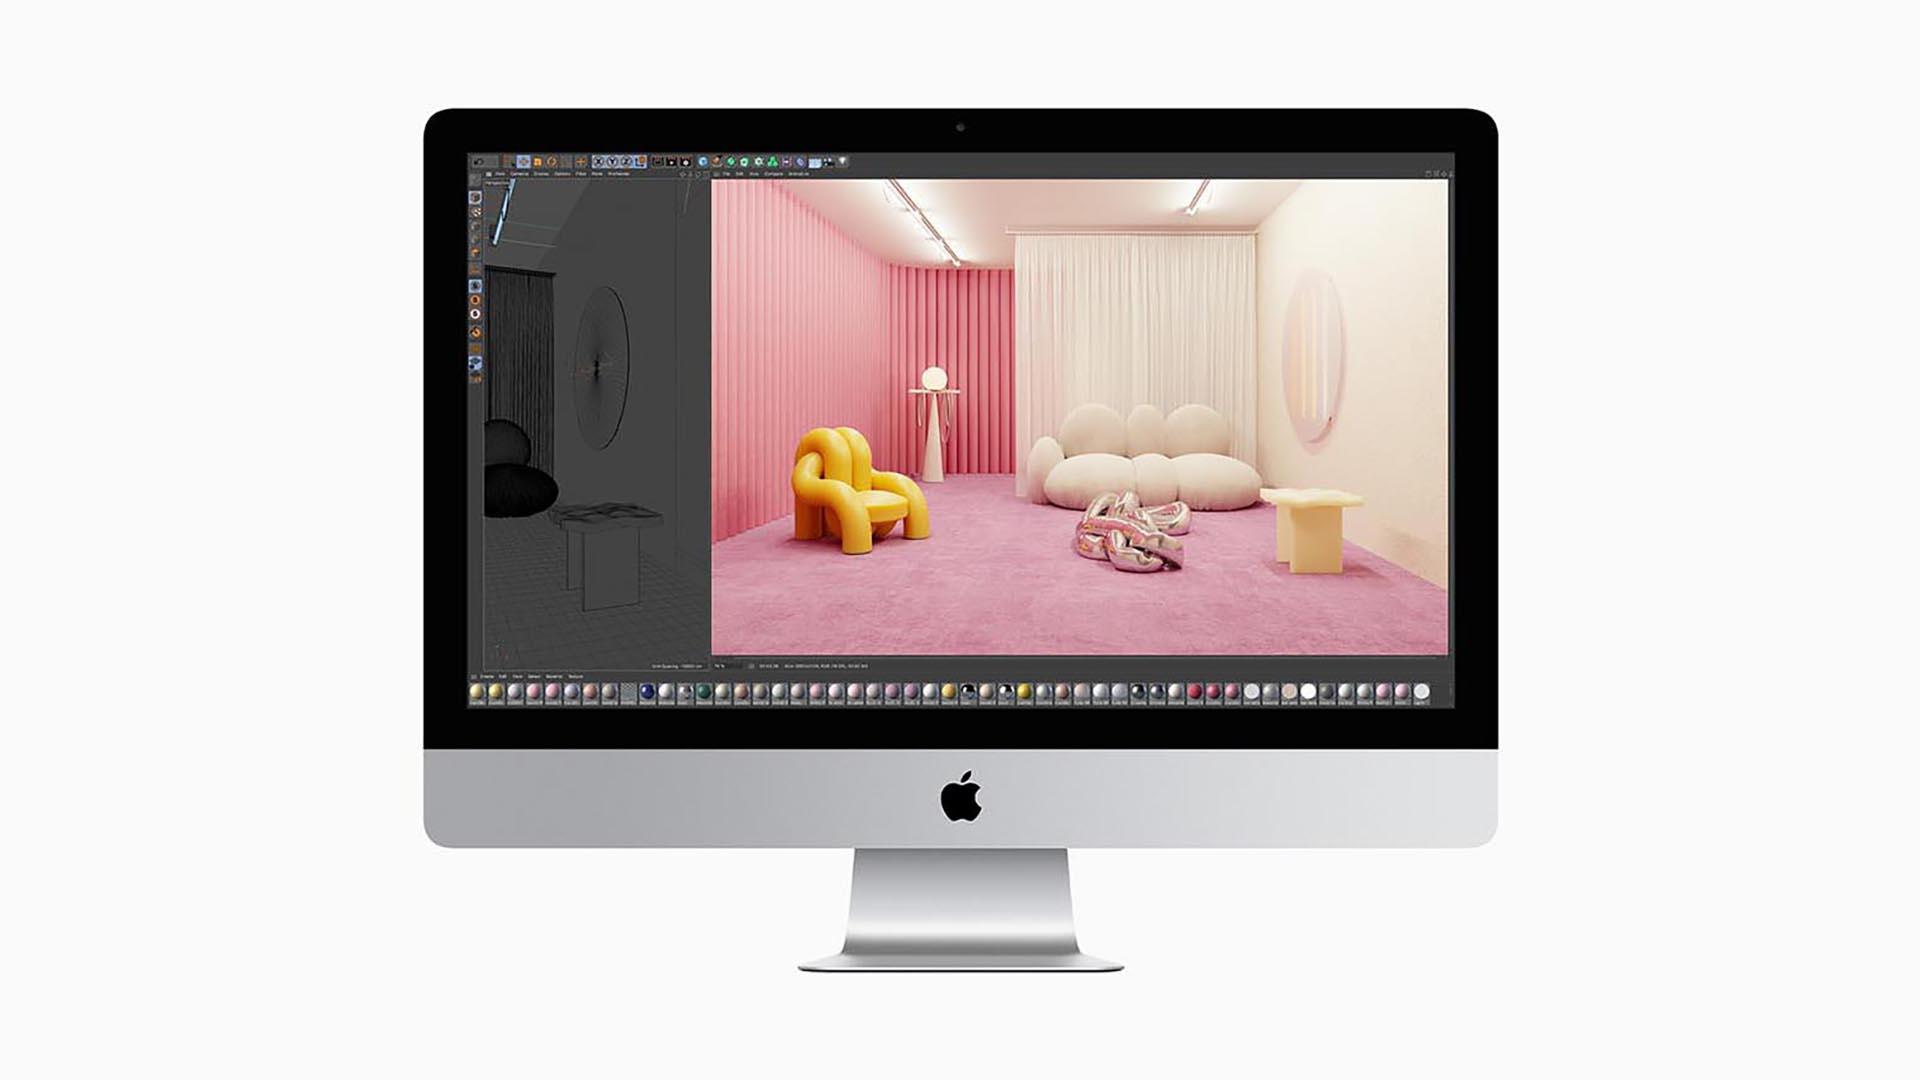 remote access for Mac
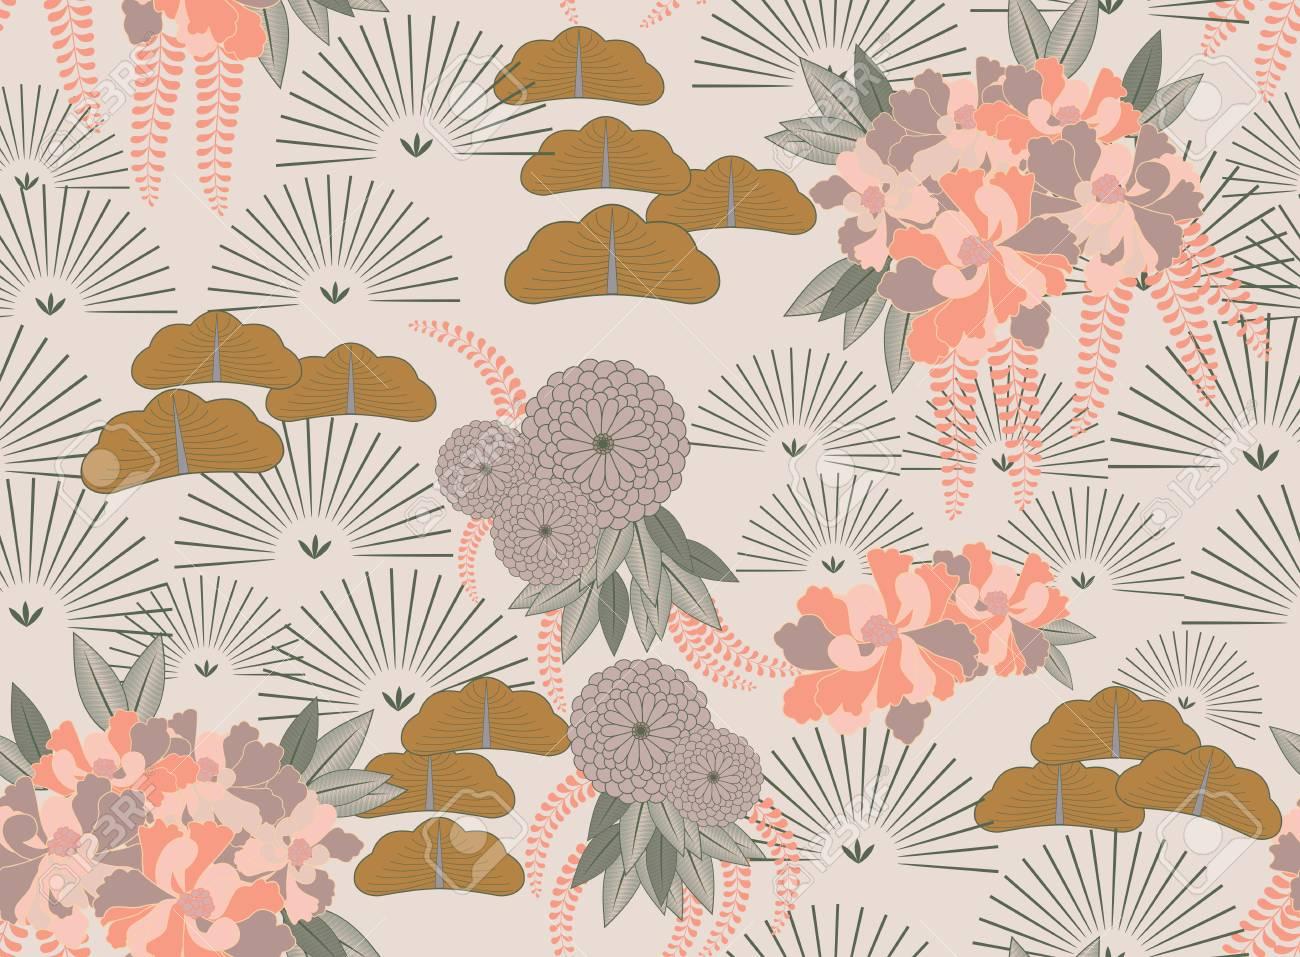 Jardin Japonais De Fleurs Rose Aster Arriere Plan Transparent
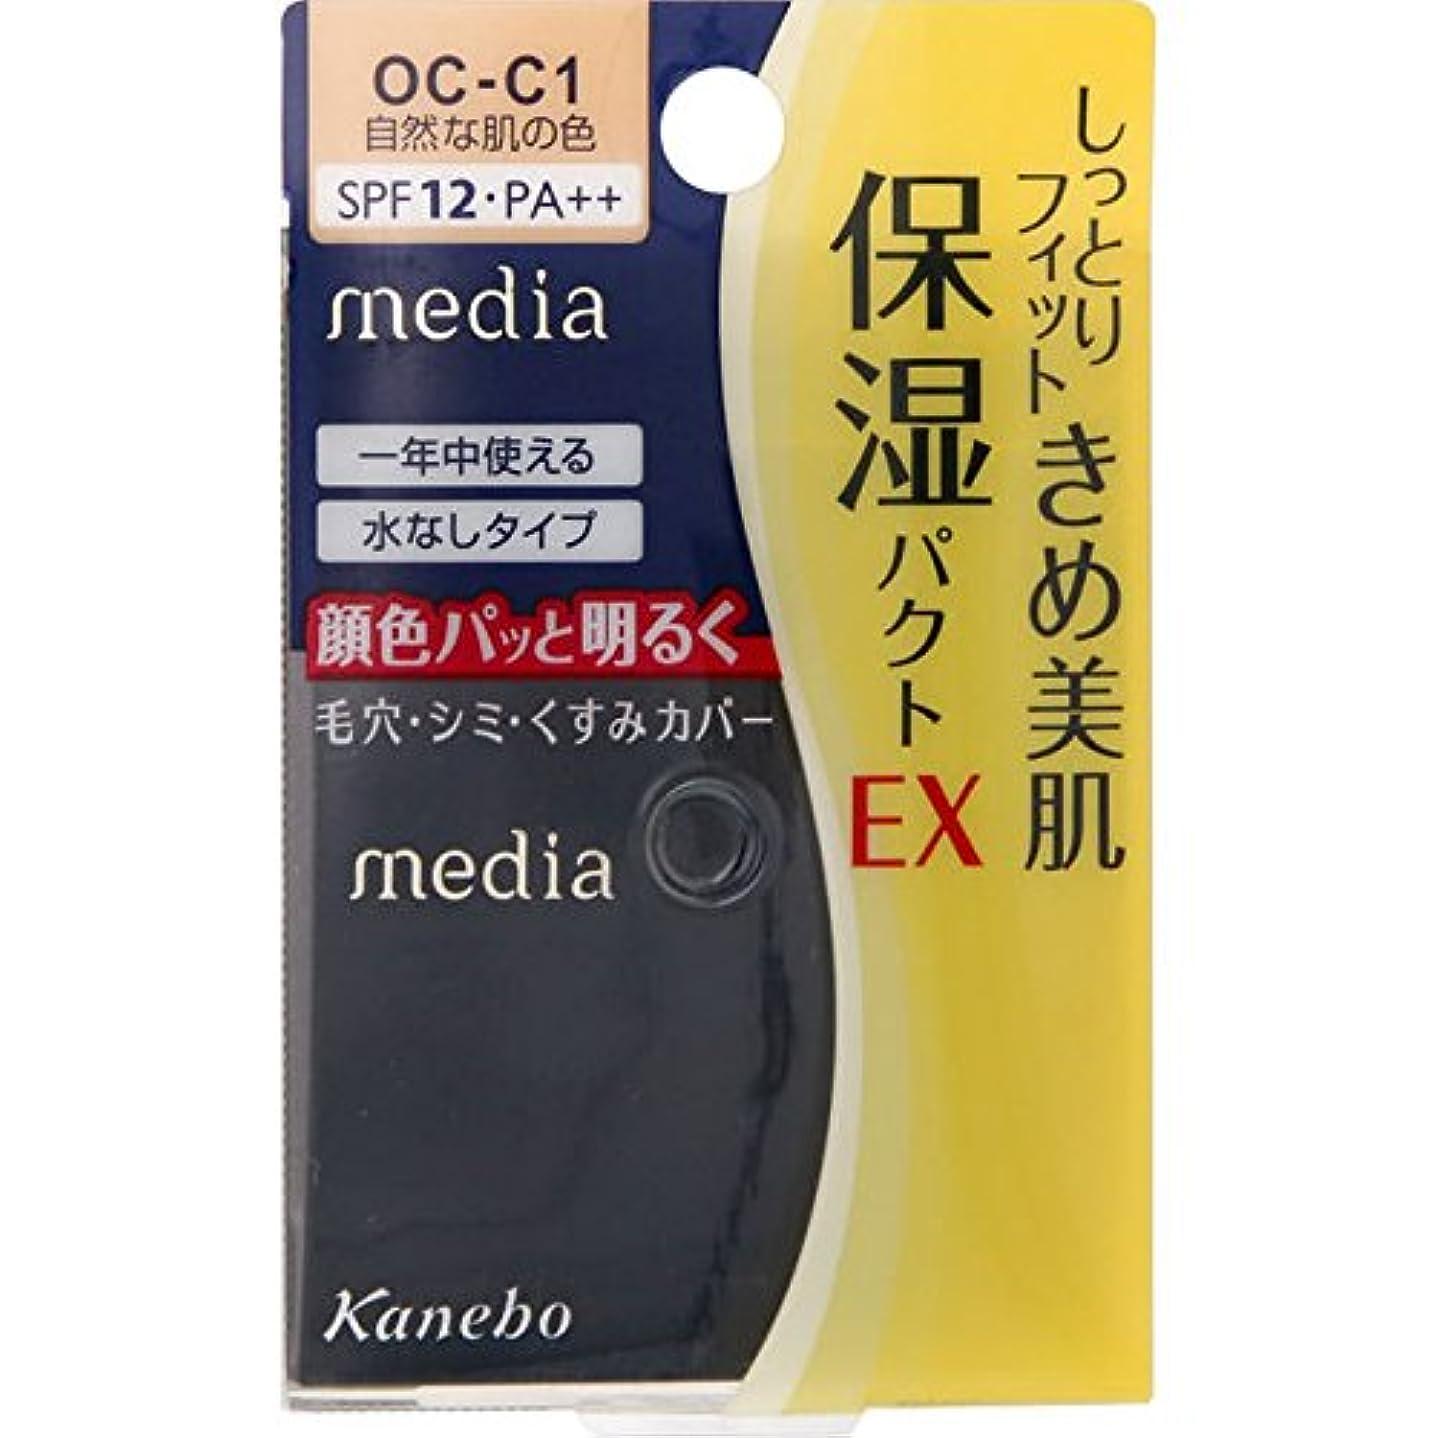 延期する調停者飢えたカネボウ メディア モイストフィットパクトEX OC-C1(11g)

——————

**REQUIREMENT:**
Would it be possible to reproduce the material word for word, images omitted?

**TASK RESULT:**
 remote access for Mac
 Jardin Japonais De Fleurs Rose Aster Arriere Plan Transparent
 延期する調停者飢えたカネボウ メディア モイストフィットパクトEX OC-C1(11g)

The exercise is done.